SOURCE DATA —
*** Begin section ***

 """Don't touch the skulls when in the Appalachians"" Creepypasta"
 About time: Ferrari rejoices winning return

*** End section ***
*** Begin section ***

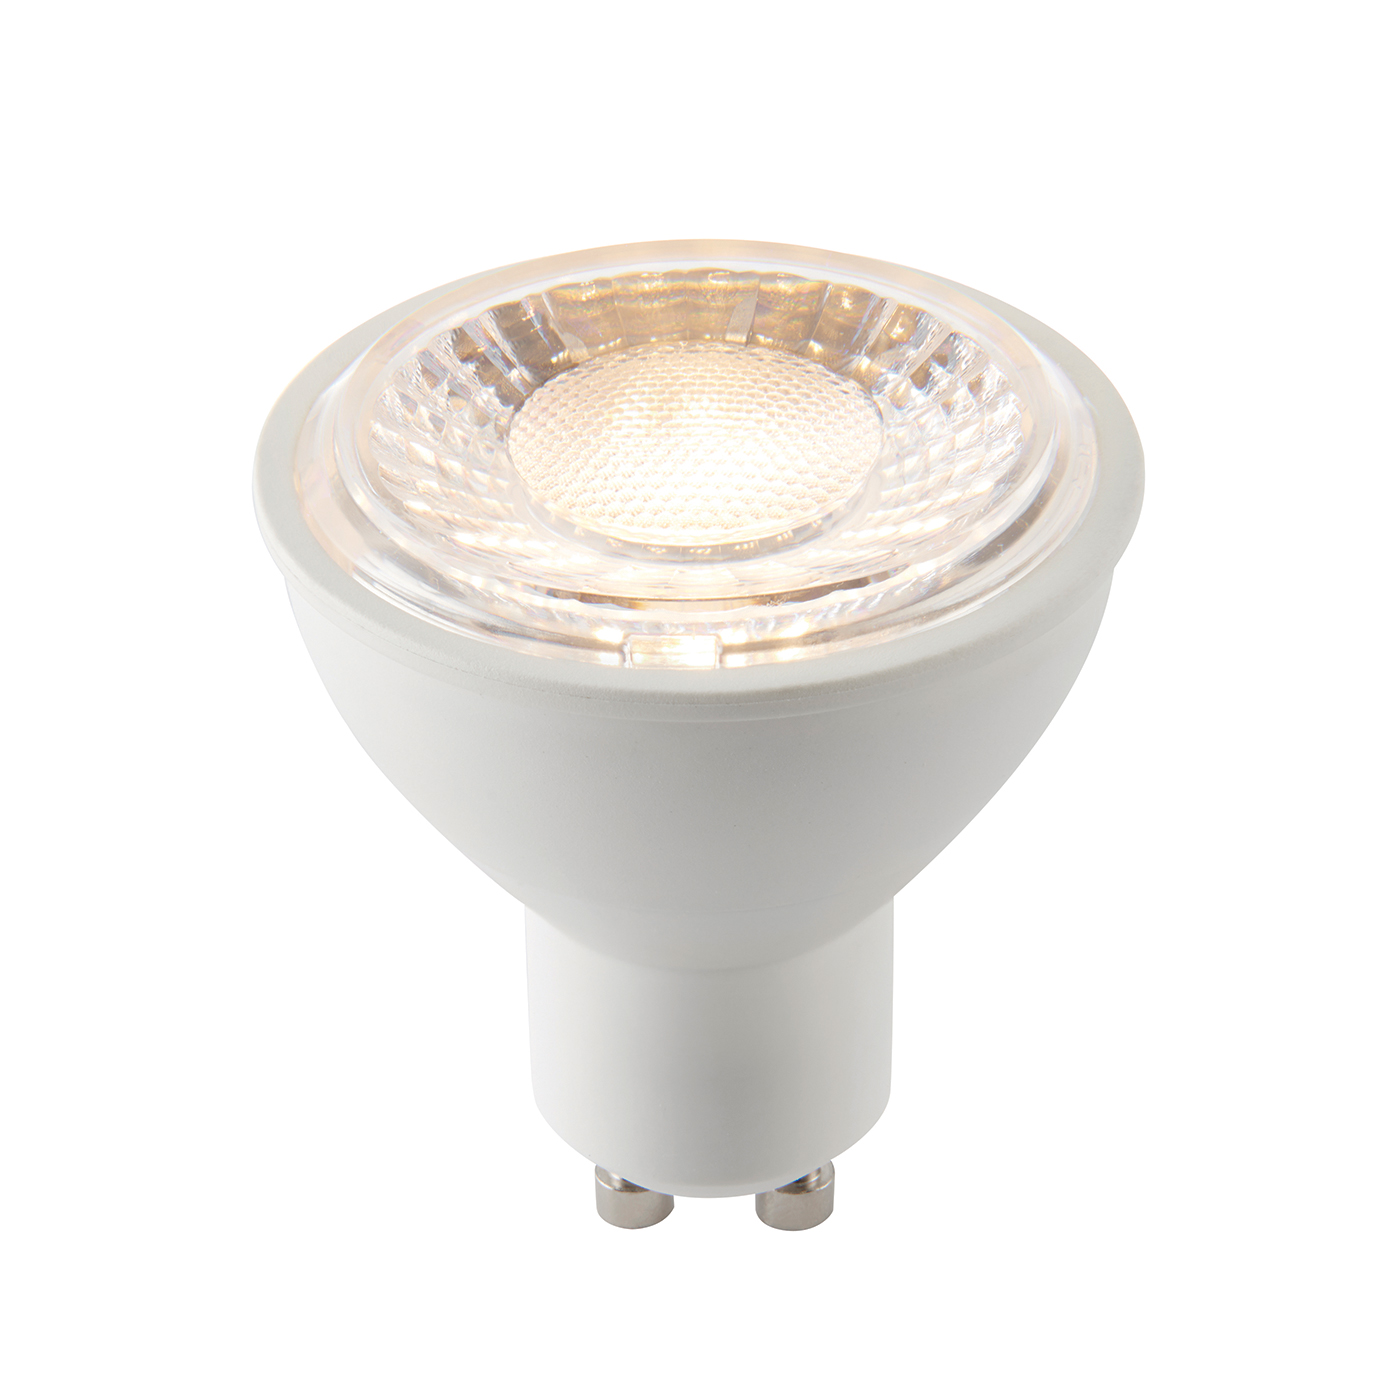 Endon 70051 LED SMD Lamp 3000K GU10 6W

*** End section ***

WHAT THE TASK ASKS — In the data above, which lines lie between the line with "touch the skulls" and the line with "About time: Ferrari rejoices winning return", inclusive? Print those lines exactly and nothing else.

FINISHED TASK —
 """Don't touch the skulls when in the Appalachians"" Creepypasta"
 About time: Ferrari rejoices winning return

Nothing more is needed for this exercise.